Le 2 avril 1992, Jacques St-Denis se faisait enlever les deux reins, alors infestés de kystes. Il fallait agir vite. Son fils, Serge, était la copie biologique conforme de son père.

Ne restait plus qu'à faire le saut. Aujourd'hui, les deux hommes ne le regrettent pas et encouragent vivement les Québécois à signer leur carte d'assurance-maladie. « C'est très important de dire aux personnes qui nous entourent que nous avons signé notre carte soleil,», rappelle Serge Saint-Denis.

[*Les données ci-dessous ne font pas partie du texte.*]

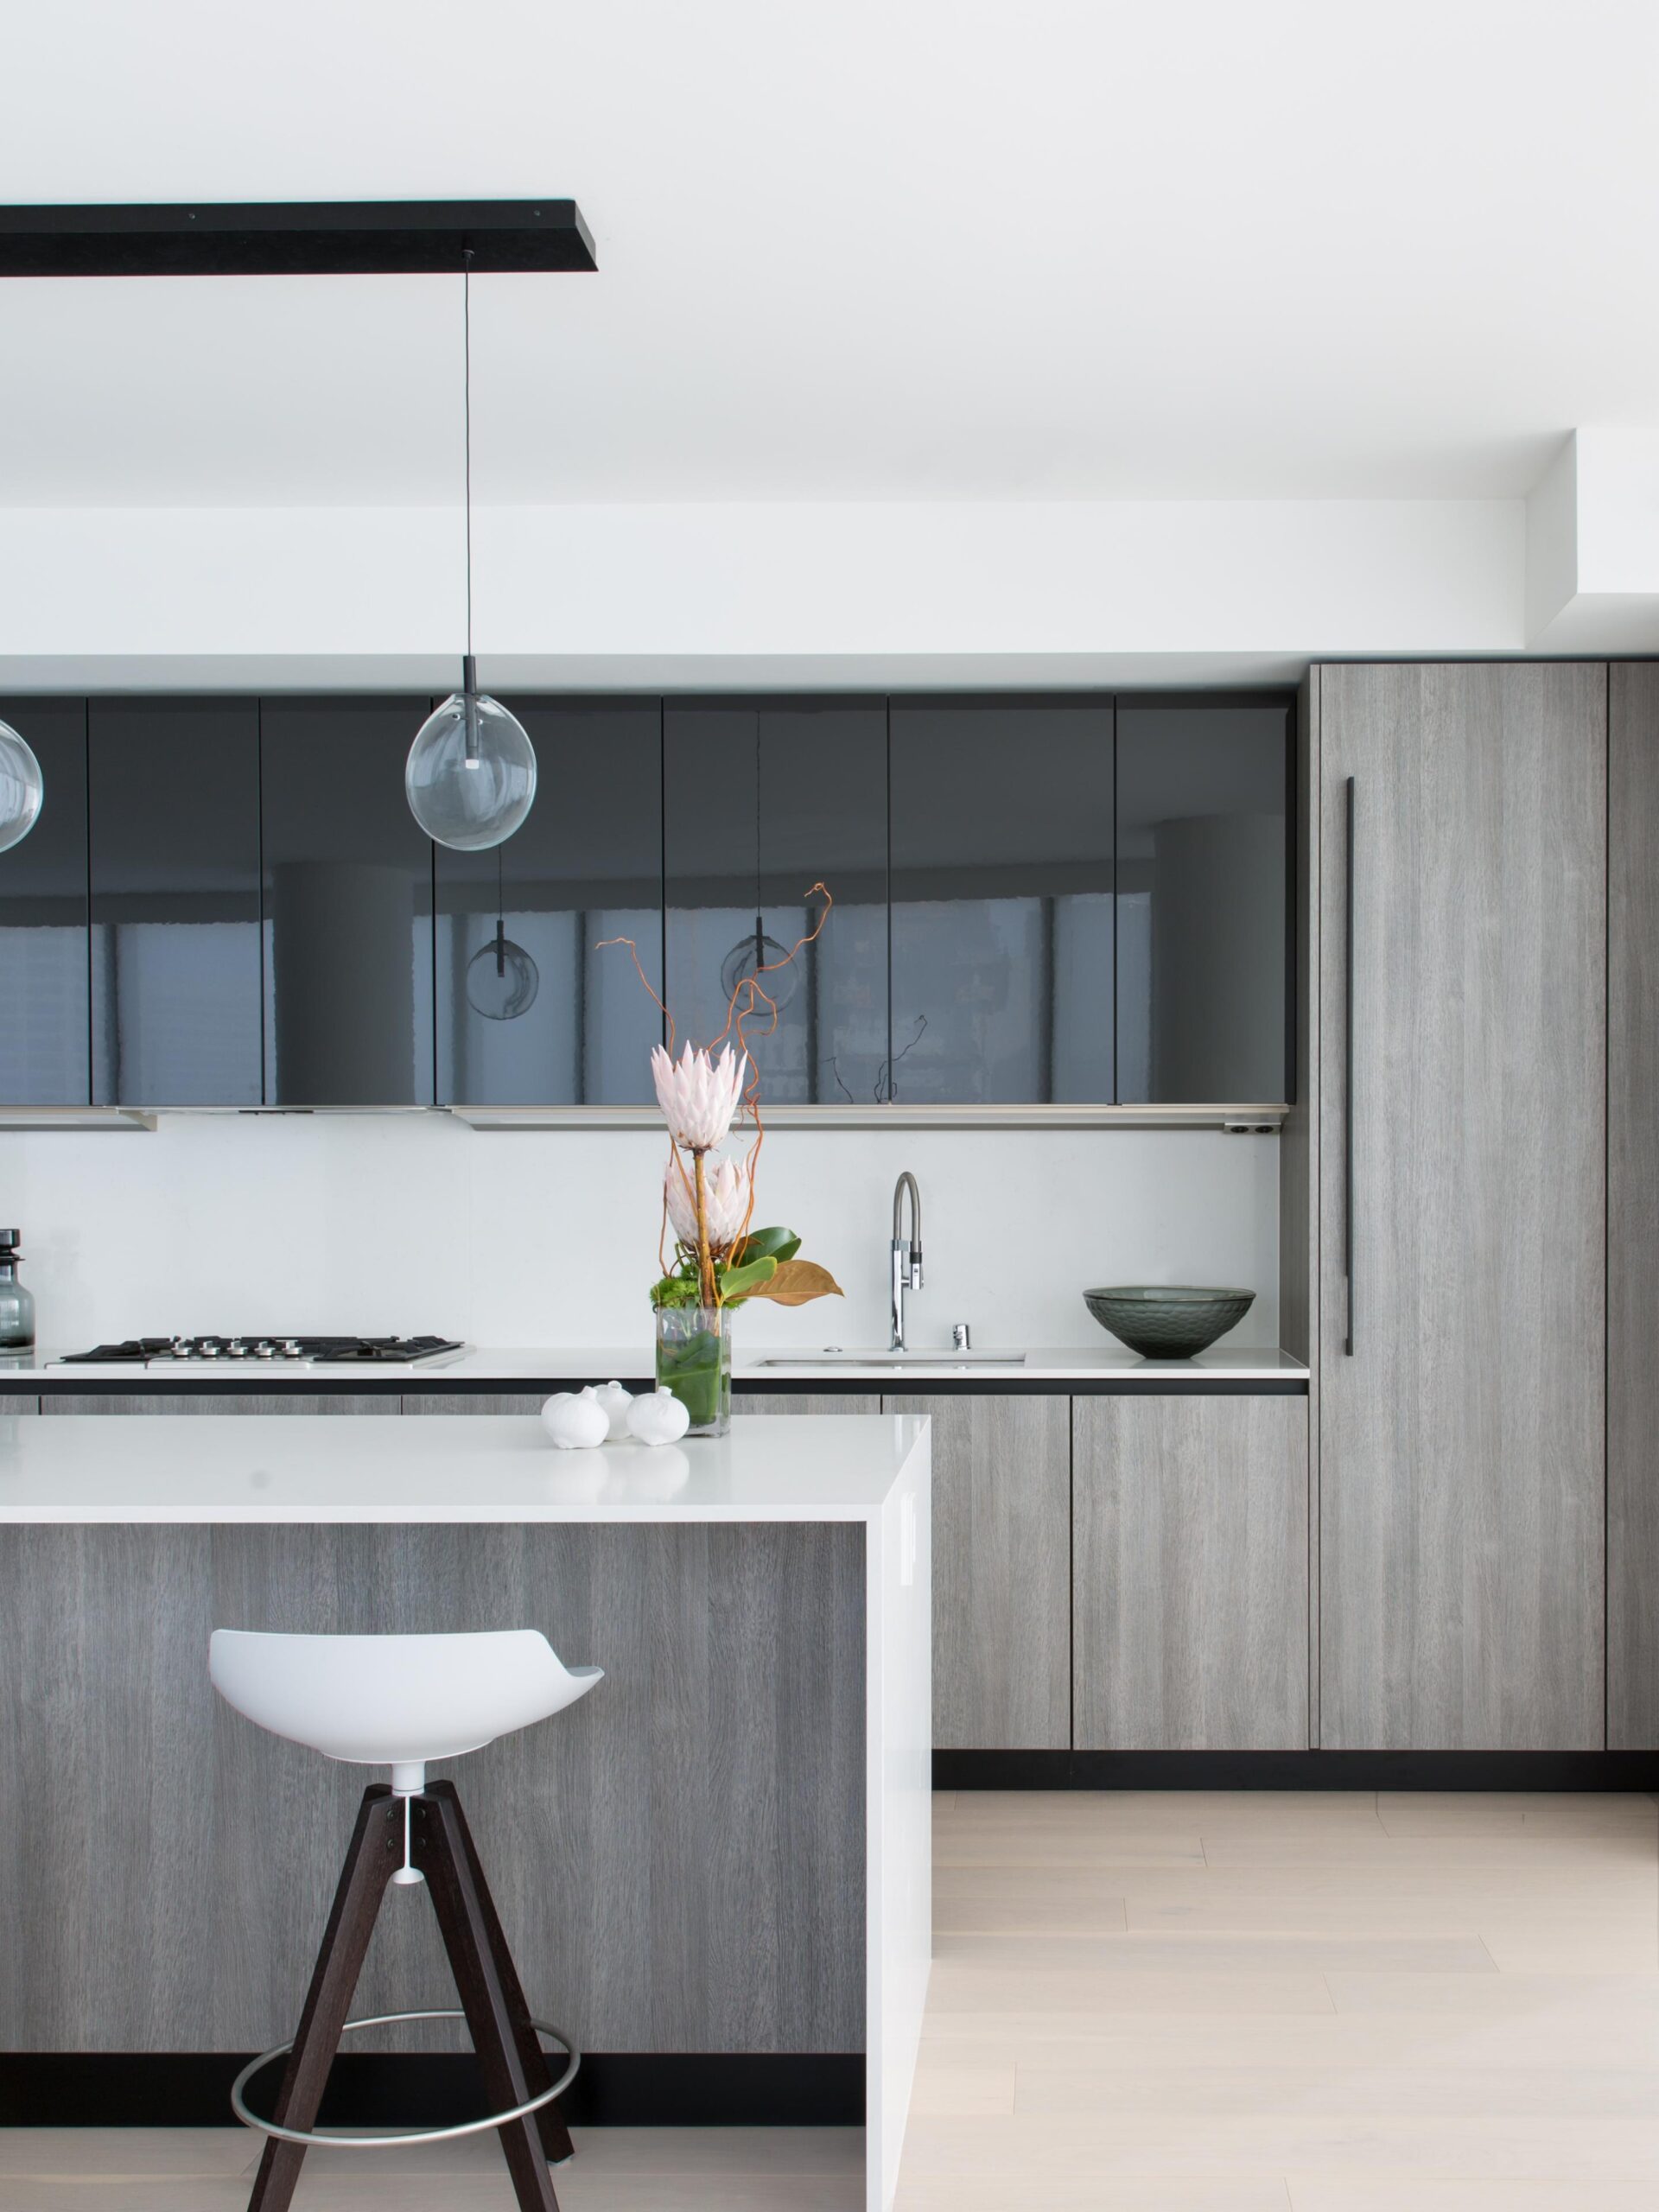 4 Sophisticated Gray Kitchen Ideas - Chic Gray Kitchens - grey kitchen designs

En 2016, 841 Québécois étaient en attente d'un organe compatible. Quarante patients sont décédés, l'an dernier, dans l'attente d'une transplantation ; attente qui peut atteindre en moyenne 800 jours. Et les reins sont, de loin, les organes les plus souvent sollicités, avec 565 cas en attente de transplantation en 2016.

Aujourd'hui âgés de 72 et 46 ans, respectivement, Jacques et Serge St-Denis n'en reviennent tout simplement pas du chemin parcouru depuis la double opération.

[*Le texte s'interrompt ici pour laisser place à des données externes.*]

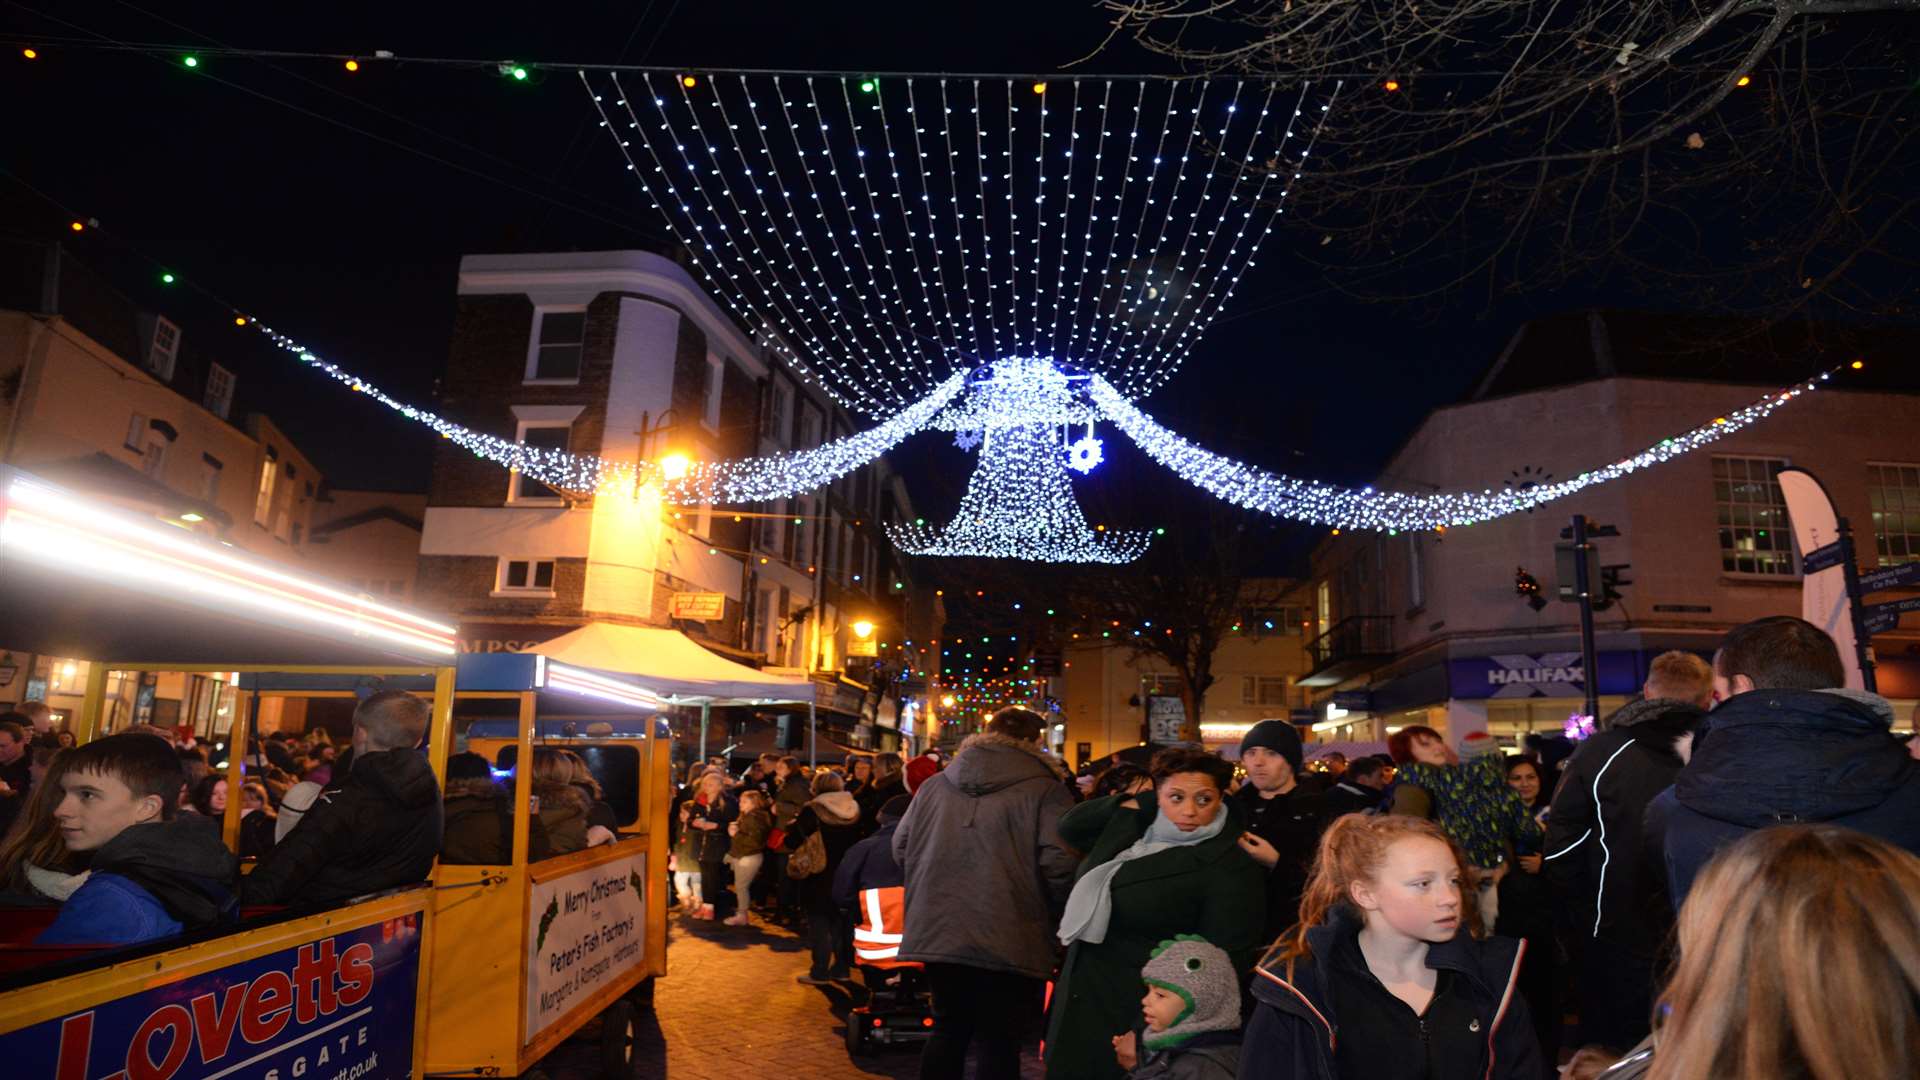 Ramsgate's Christmas lights on Sunday evening

Le père, qui a éprouvé des problèmes récurrents de santé dès l'âge de 10 ans, est aujourd'hui des plus fonctionnels. Même s'il doit prendre une dizaine de médicaments par jour, le septuagénaire ne souffre d'aucune douleur ou inconfort physique. 

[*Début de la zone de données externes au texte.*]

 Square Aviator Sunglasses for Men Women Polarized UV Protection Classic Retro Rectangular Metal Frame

Quant à son fils, outre une pneumonie qu'il a contractée peu après son don d'organe, il est aujourd'hui dans une forme impeccable. 

«C'est la beauté de la chose pour un donneur: on n'a pas de séquelles », souligne Serge, devenu un fervent défenseur des dons d'organes.

«Ce n'est pas tout le monde qui peut avoir eu la chance de redonner la santé et la vie à ses parents.»